Unfortunately, for both the Health Canada and US SE RA exposure assessments, little data were available to estimate these inputs. Therefore distributions were defined based on the opinions of the analysts, with comments from reviewers of the models.
The assumed probability of pooling and number of eggs per pool for the two risk assessments are summarized in Table 4.12. Generally, the @RISKPERT(minimum, most likely, maximum) distribution was used. This distribution is an alternative to the more traditional triangular distribution. The PERT distribution has a smooth shape that assigns less probability weight to the distribution tails than does the triangular distribution. Nevertheless, the value of both these distributions is that the user can define the most likely value and absolute minimum and maximum values, based on opinion. The uniform distribution is another alternative that is less informed. That distribution only requires the user to define minimum and maximum values.

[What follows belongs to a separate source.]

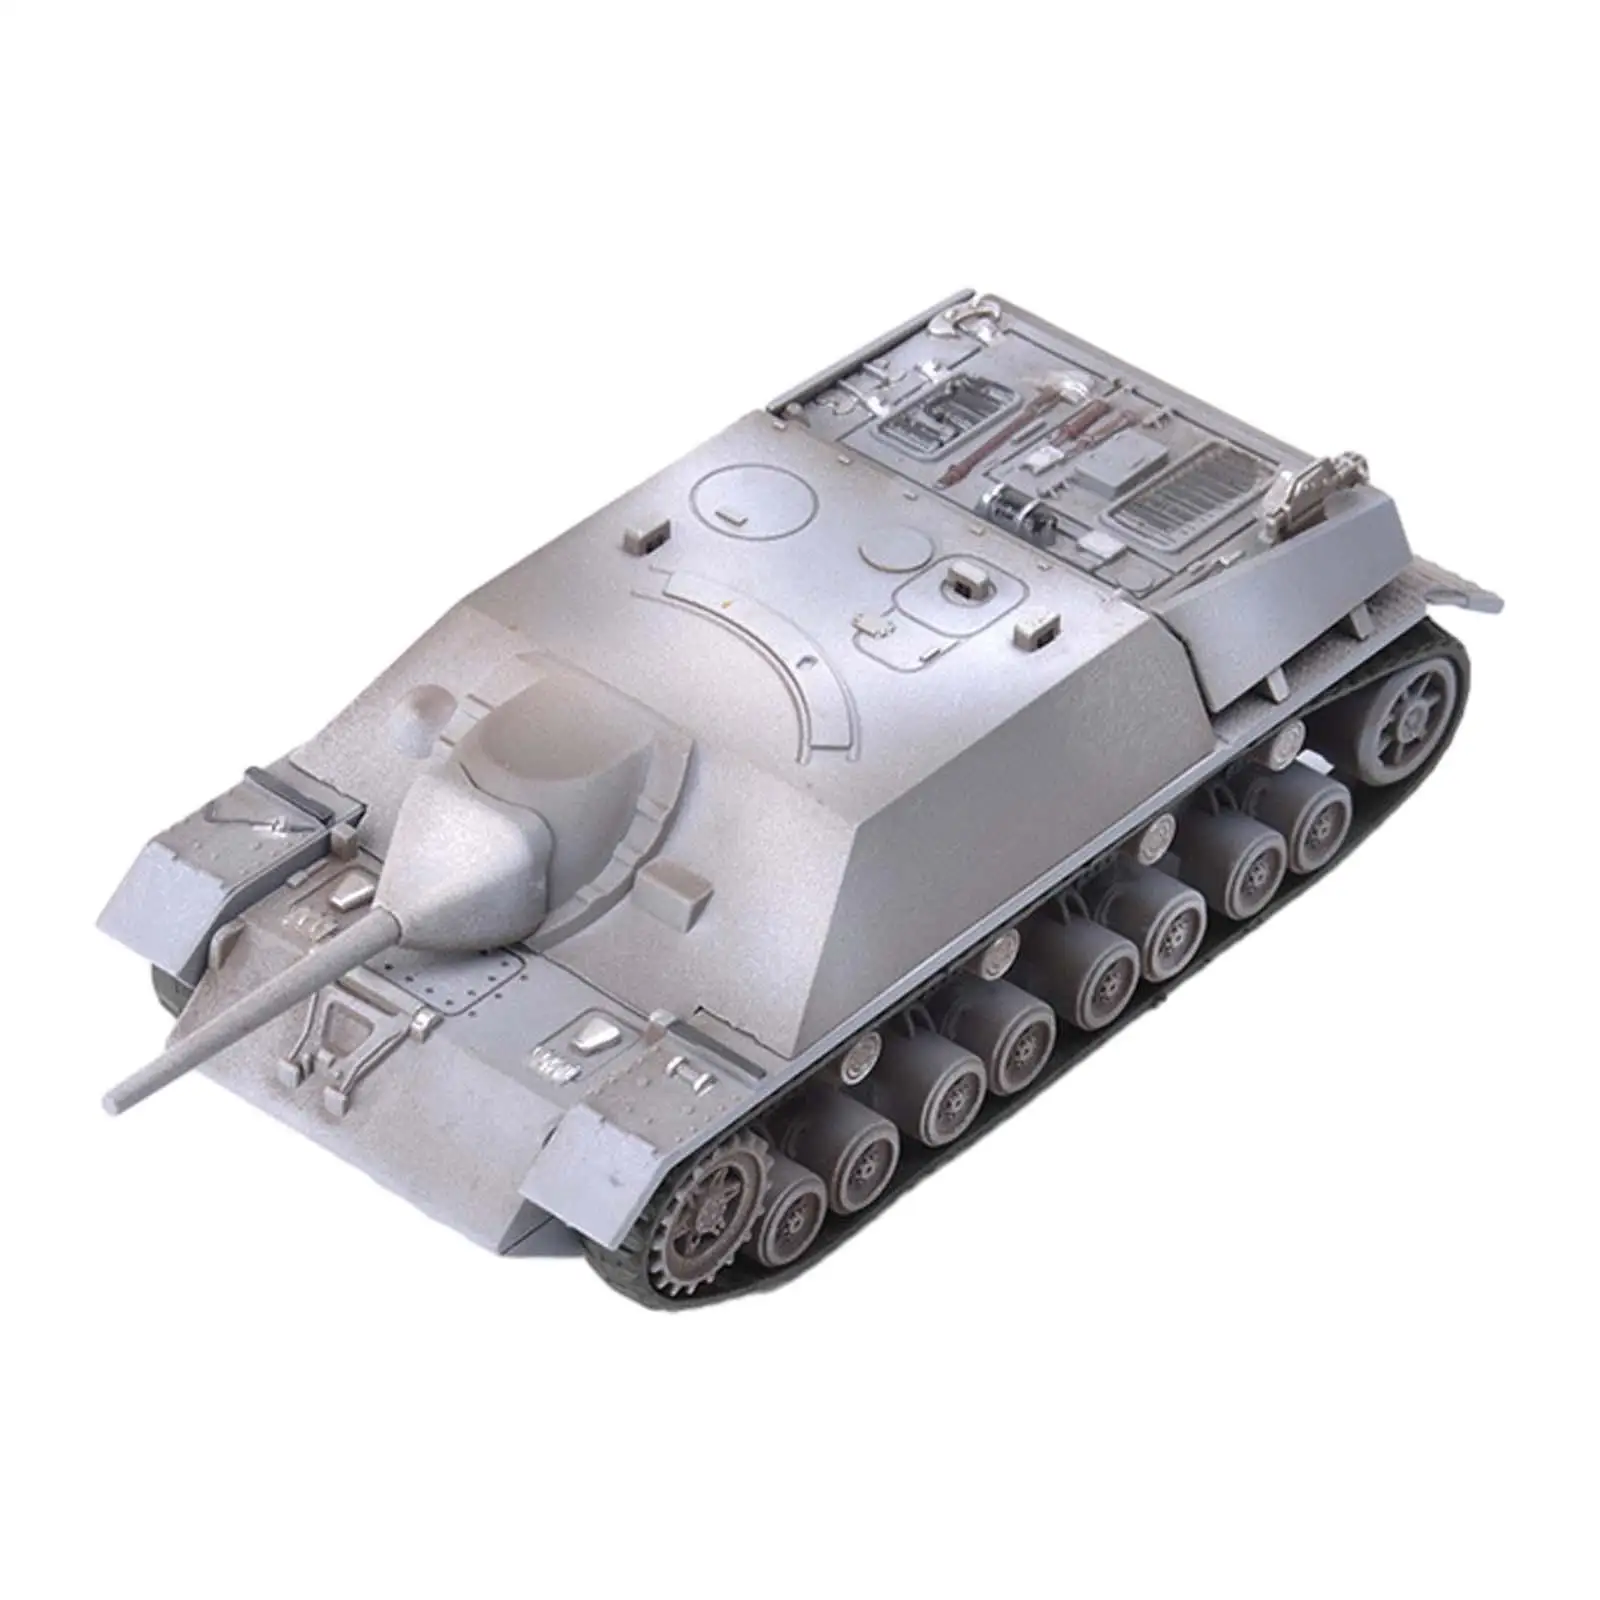 1/72 Tank Model Puzzle Vehicle Tank Model Toy DIY Assemble Collection Miniature Tank Building Kits for Boy Kids Birthday Gift

Table 4.12. Pooling inputs used in two exposure assessments.
|
Input |
Location |
Health Canada, 2000 |
USDA-FSIS, 1998 |
|
Probability of a pooling |
Home |
Pert(25%,30%,35%) |
Pert(0%,2%,10%) |
|
Institution |
Pert(25%,35%,45%) |
Pert(2%,5%,20%) |
|
|
Pool size (servings per pool) |
Home |
Pert(1.5,2.5,3) |
Pert(2,4,12) |
|
Institution |
Pert(25,50,75) |
Uniform(6,48) |
When eggs are used as ingredients in the Health Canada exposure assessment, the number of servings generated is the same as the number of servings when eggs are pooled. In contrast, the US SE RA analysed a computerized recipe program to determine the number of servings when eggs are used as ingredients in the home. The distribution ranged from 2 to 10 servings, with a mean of 6 servings per egg. In the case of eggs used as ingredients in institutions, the distribution used for pooled servings was doubled.
Figure 4.29. Modelled size of egg pools in homes for Health Canada and US SE RA exposure assessments. Distribution assumptions are as shown in Table 4.12.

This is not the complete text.